Cos'è l'analisi cinematica del passo nella riabilitazione del tendine d'Achille?

L'analisi cinematica del passo è una tecnica che utilizza videocamere e software specializzati per valutare i movimenti durante la deambulazione. Nel caso del tendine d'Achille, permette di misurare parametri come verticalità corporea, angolo tibio-tarsico e distanze durante la fase mid-stance, identificando asimmetrie tra l'arto operato e quello sano.

Quando si può eseguire l'analisi cinematica dopo chirurgia del tendine d'Achille?

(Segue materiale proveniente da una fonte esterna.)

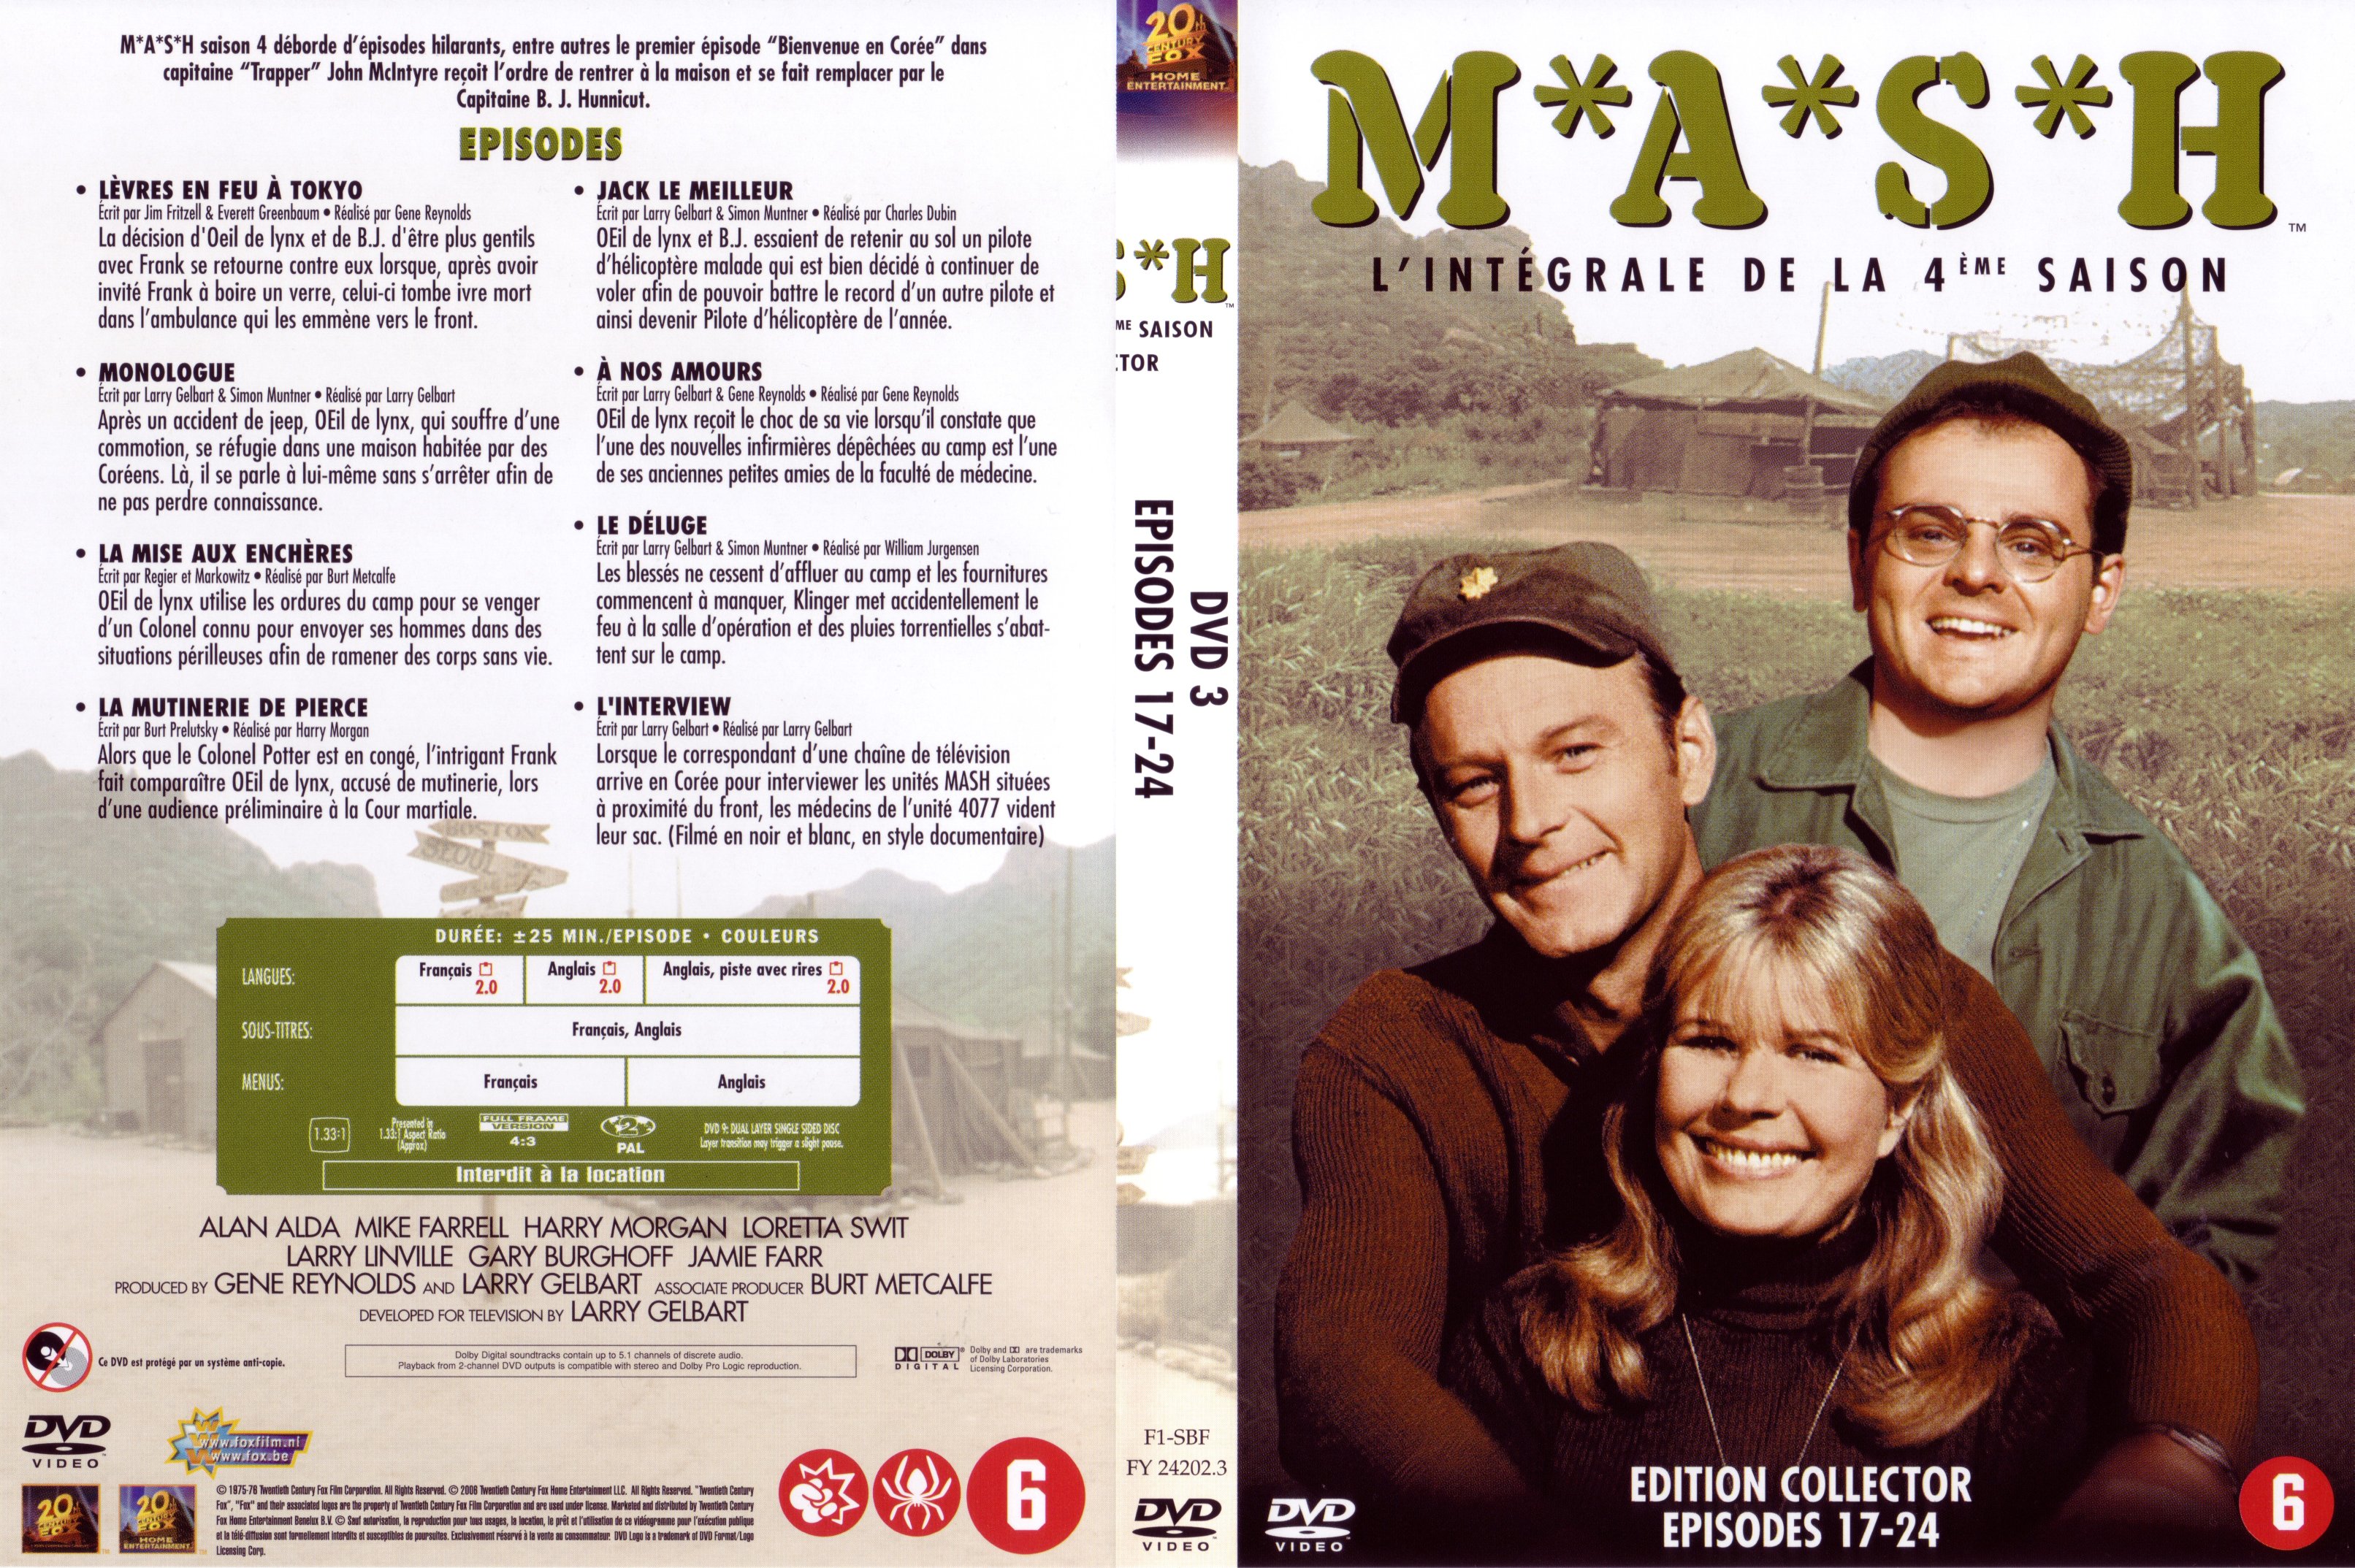 Jaquette DVD MASH Saison 4 vol 3

Secondo lo studio, l'analisi cinematica può essere eseguita dopo 45-50 giorni dalla riparazione chirurgica del tendine d'Achille, una volta completata la fase iniziale di riabilitazione ortopedica e neurocognitiva e quando il paziente è in grado di deambulare autonomamente.

Quali parametri vengono valutati nell'analisi cinematica del passo post-Achille?

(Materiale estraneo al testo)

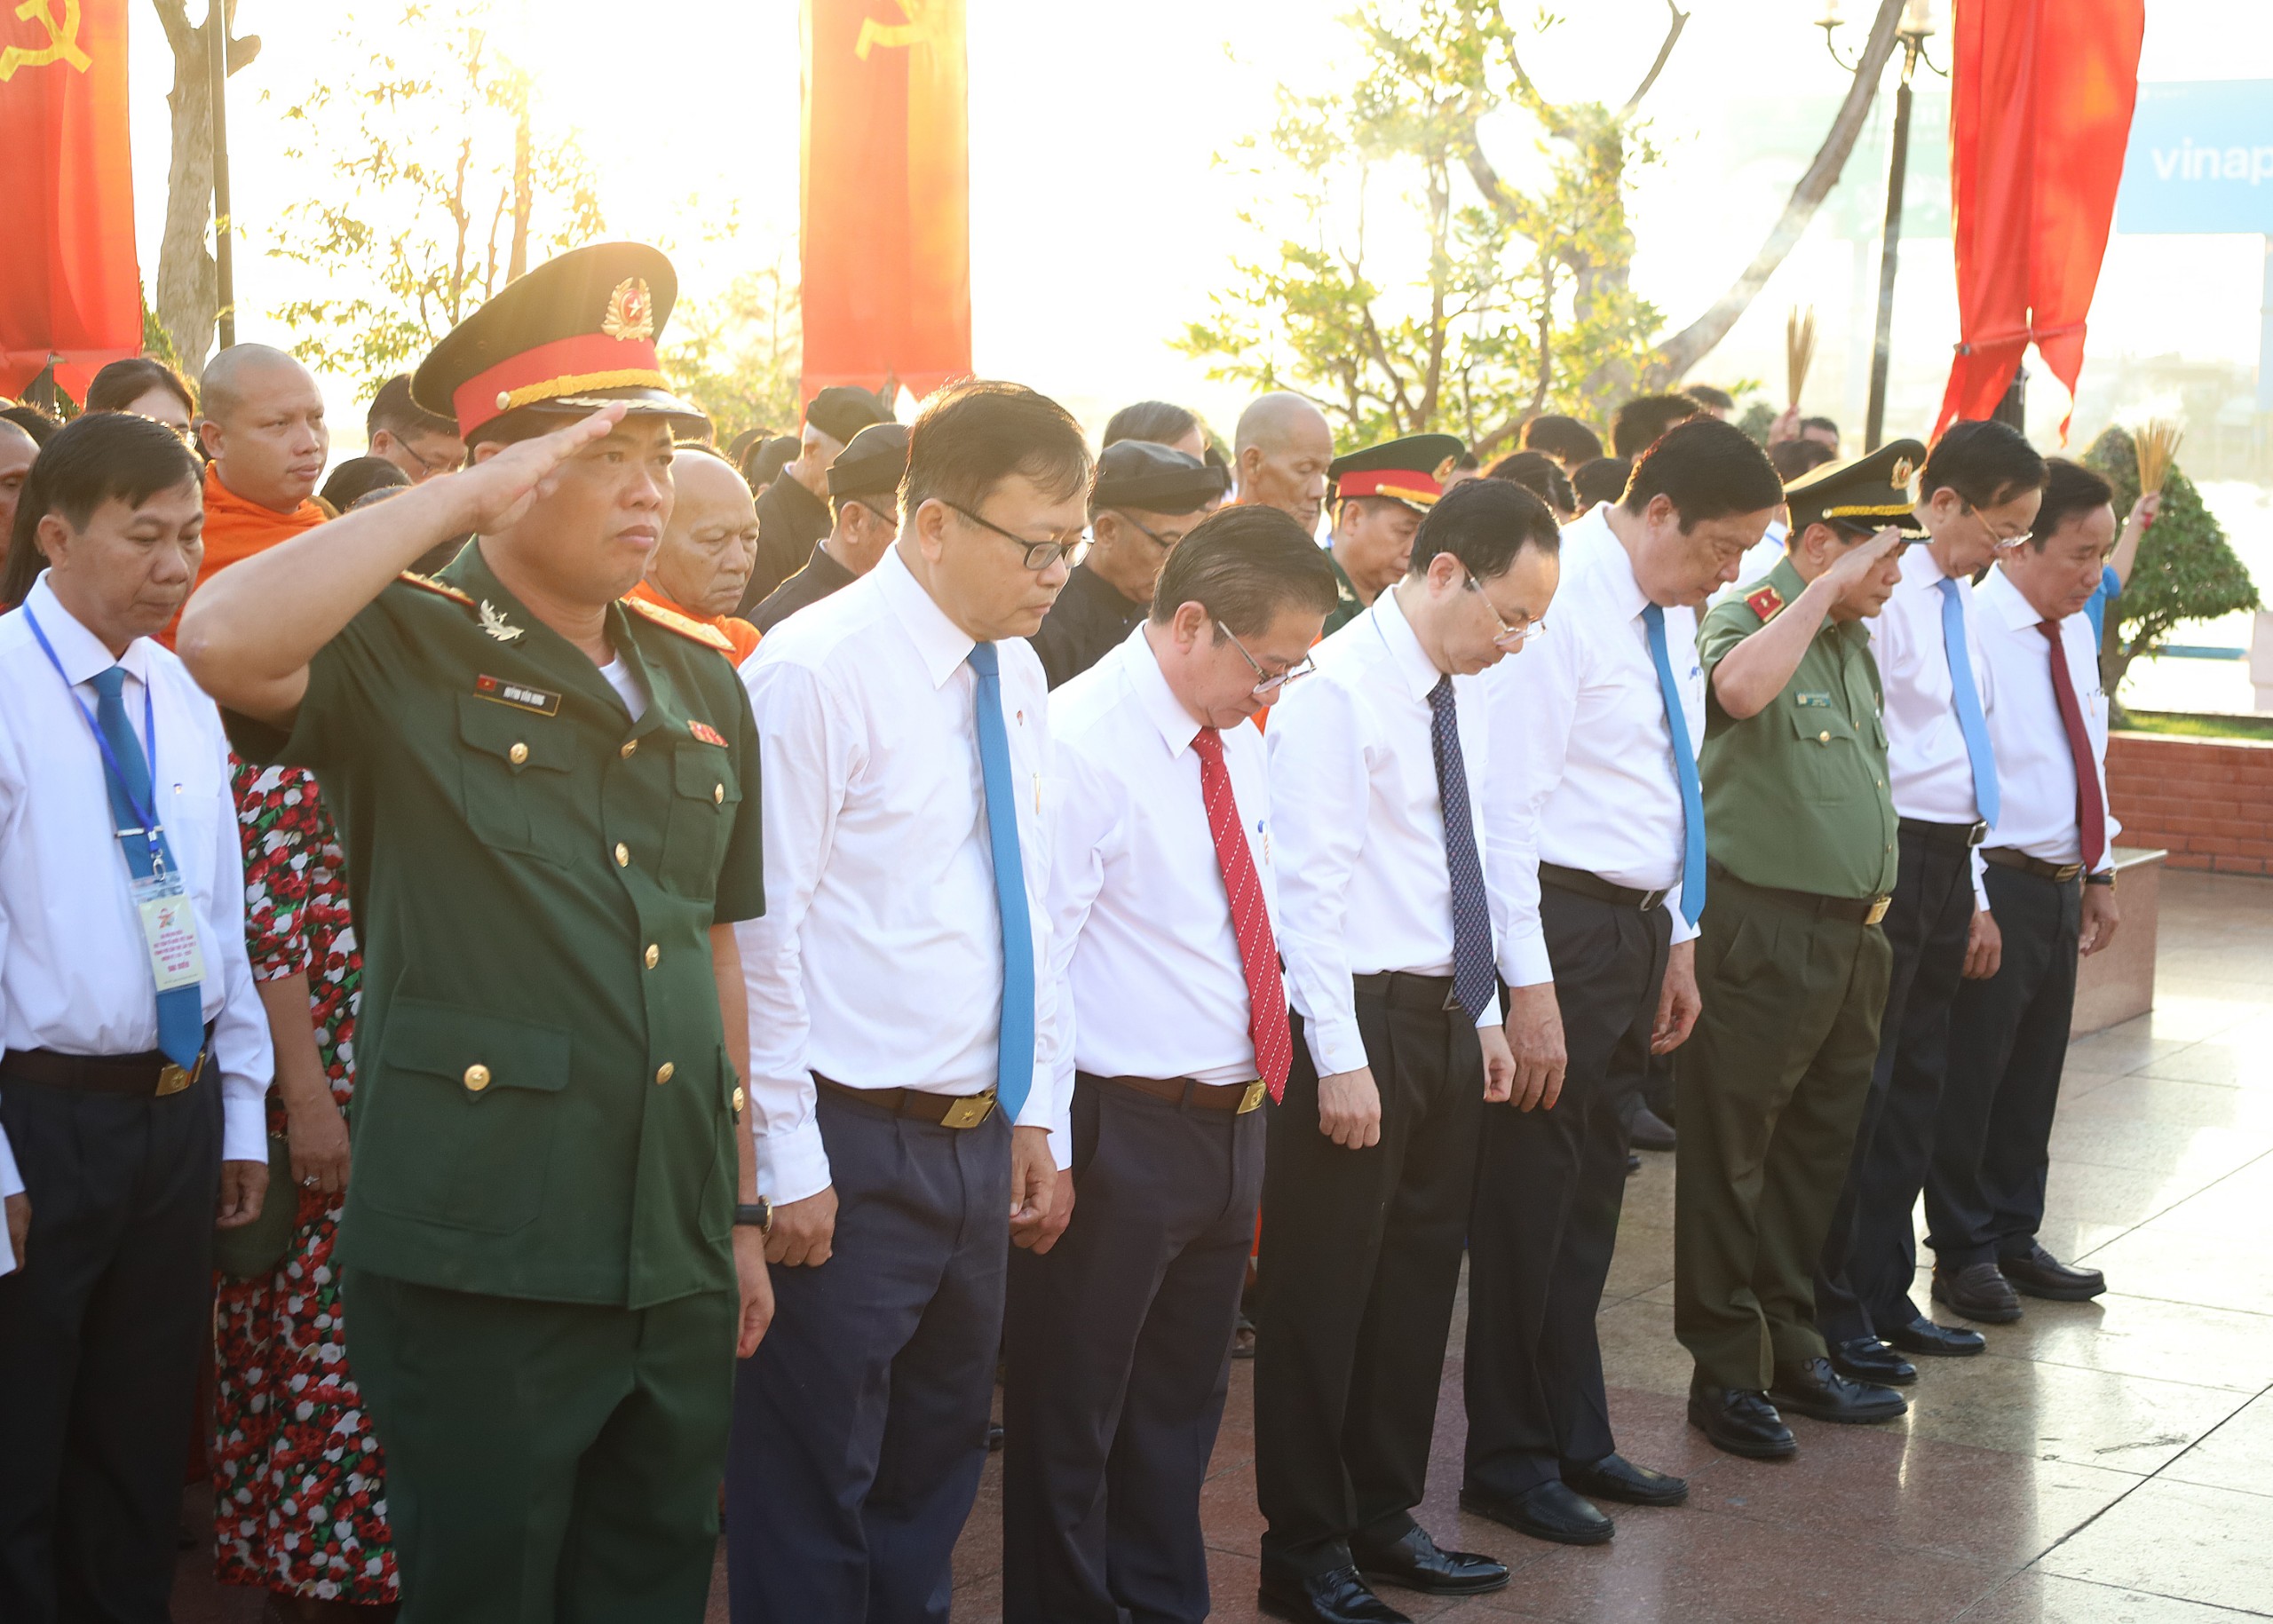 Trong giờ phút thiêng liêng, Đoàn đại biểu đã dành phút mặc niệm tưởng nhớ Chủ tịch Hồ Chí Minh Anh hùng giải phóng dân tộc Lãnh tụ thiên tài của Đảng và nhân dân ta Nhà văn hóa kiệt xuất của Việt Nam.

I parametri principali includono: verticalità corporea (postura durante il cammino), angolo tibio-tarsico (flessione della caviglia), distanze e simmetria durante la fase mid-stance del passo. Questi parametri permettono di identificare compensazioni e asimmetrie funzionali.

Perché si verificano asimmetrie dopo chirurgia del tendine d'Achille?

Le asimmetrie sono dovute a diversi fattori: ridotta forza muscolare del polpaccio, limitata mobilità articolare, dolore residuo, modificazioni propriocettive e adozione di pattern motori compensatori. L'analisi cinematica aiuta a quantificare queste differenze per personalizzare la riabilitazione.

Come l'analisi cinematica migliora la riabilitazione del tendine d'Achille?

L'analisi cinematica fornisce dati oggettivi sulle asimmetrie motorie, permettendo di: personalizzare gli esercizi riabilitativi, monitorare i progressi nel tempo, identificare deficit specifici, prevenire recidive e ottimizzare il ritorno all'attività sportiva o lavorativa.

Quali sono i vantaggi della riabilitazione neurocognitiva per il tendine d'Achille?

La riabilitazione neurocognitiva integra il recupero fisico con esercizi che stimolano la propriocezione, l'equilibrio e il controllo motorio. Questo approccio è particolarmente importante per il tendine d'Achille poiché migliora la coordinazione neuromuscolare e riduce il rischio di nuove lesioni.